I'm surprised that your Carnolians are aggressive. I'm new this year, we have 2 TBH's of Carnolians and they are as gentle as I can imagine any hive to be.
Just posting as a thought, not trying to hijack your thread.
jeff


----------



## Oldtimer (Jul 4, 2010)

Here this all the time locally. "I have x type bee and they are aggressive / not aggressive".

If the person has a bit of experience they are usually correct about the aggression level, but can be mistaken about the bee type. Just that they are dark does not make them pure carniolan. They may or may not be carniolan, and who knows what they are crossed with.

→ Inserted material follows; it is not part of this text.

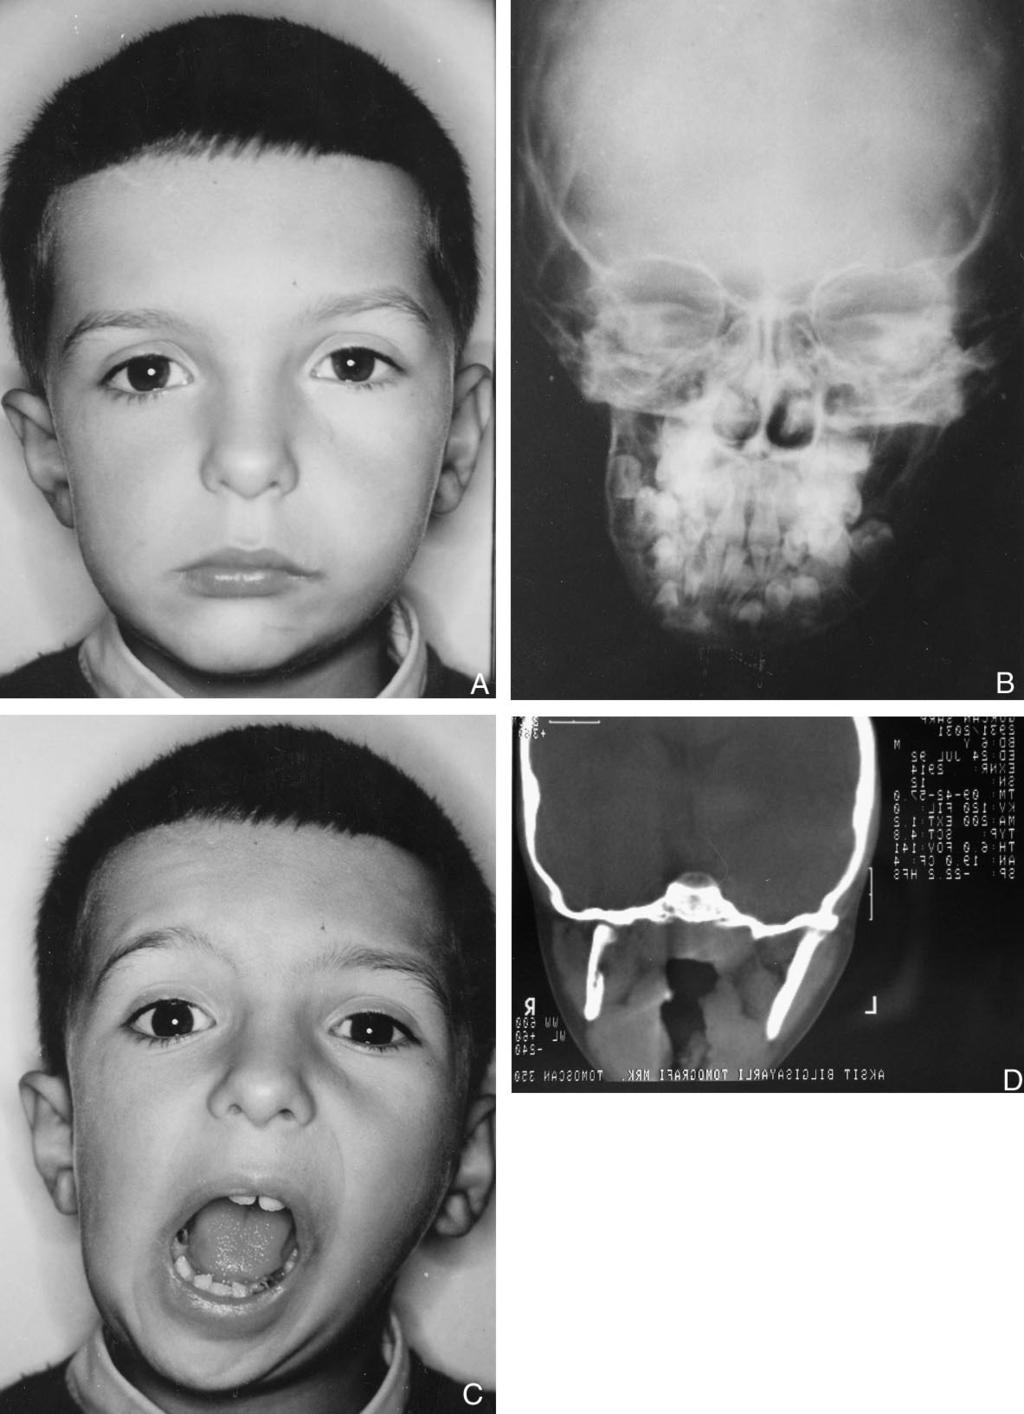 372 ARUN, KAYHAN, KIZILTAN FIGURE 1. Initial clinical photographic (A), radiographic (B), wide-open photographic (C), and tomographic (D) record of the patient.

EOD if someone wants to get rid of aggressive bees, he should.


----------



## trishbookworm (Jun 25, 2016)

Yikes, no one wants an aggressive hive. Kudos to the OP for tackling head on. 

I have had some success with "finding" the queen by moving bars one by one, checking for her royal pain in the butt, then moving the last 2 together. Then I moved those 2 bars to another nearby hive, and waited to see eggs. I have yet to see a queen this season at all in my 6 hives. 

Have you considered culling most of the capped brood, or at least half - ideally with an uncapping fork so the comb can be laid in - to speed along the turnover of new bees?

couple things to consider about managing aggressive bees:
First, even gentle Italians get more aggressive when they are constantly fighting off robbers or yellow jackets. Double check there are no places where non-hive bees are getting in to rob. If robbing is an issue, you'll see live bees being dragged out at the entrance. This is not a solution to hot bees, but is something you can address (if it's happening) that will reduce the stress level of the hive. I don't know if this is WA's dearth period too... not a lot you can do about that. No incoming nectar means no comb building, no nectar dehydrating into honey, no feeding larvae... you get the picture! Feeding can help provide "work", and is something you will want to do for the new queen to get her staff able to raise the new bees. But you want to simulate a nectar flow with near-constant availability of 1:1 or else the bees may instead backfill existing comb and make there be less room for the new queen to lay (once she's out). And I highly warn against having the sugar syrup anywhere other than the back of the hive - any open feeding, or near-entrance feeding triggers not-neighbor friendly bee behaviors.

Second, if you can split the hives, even temporarily, so more bees have to "go to work" instead of hanging around to guard, it may be easier to carry out the requeening chores. Even putting a bee-tight divider between the existing hives should help with this. 

Hope some of these thoughts lead you on the path to happy bee-watching and not dreading inspections. Good luck...keep us posted, I am always learning from people like yourself who take the time to share their experiences.


----------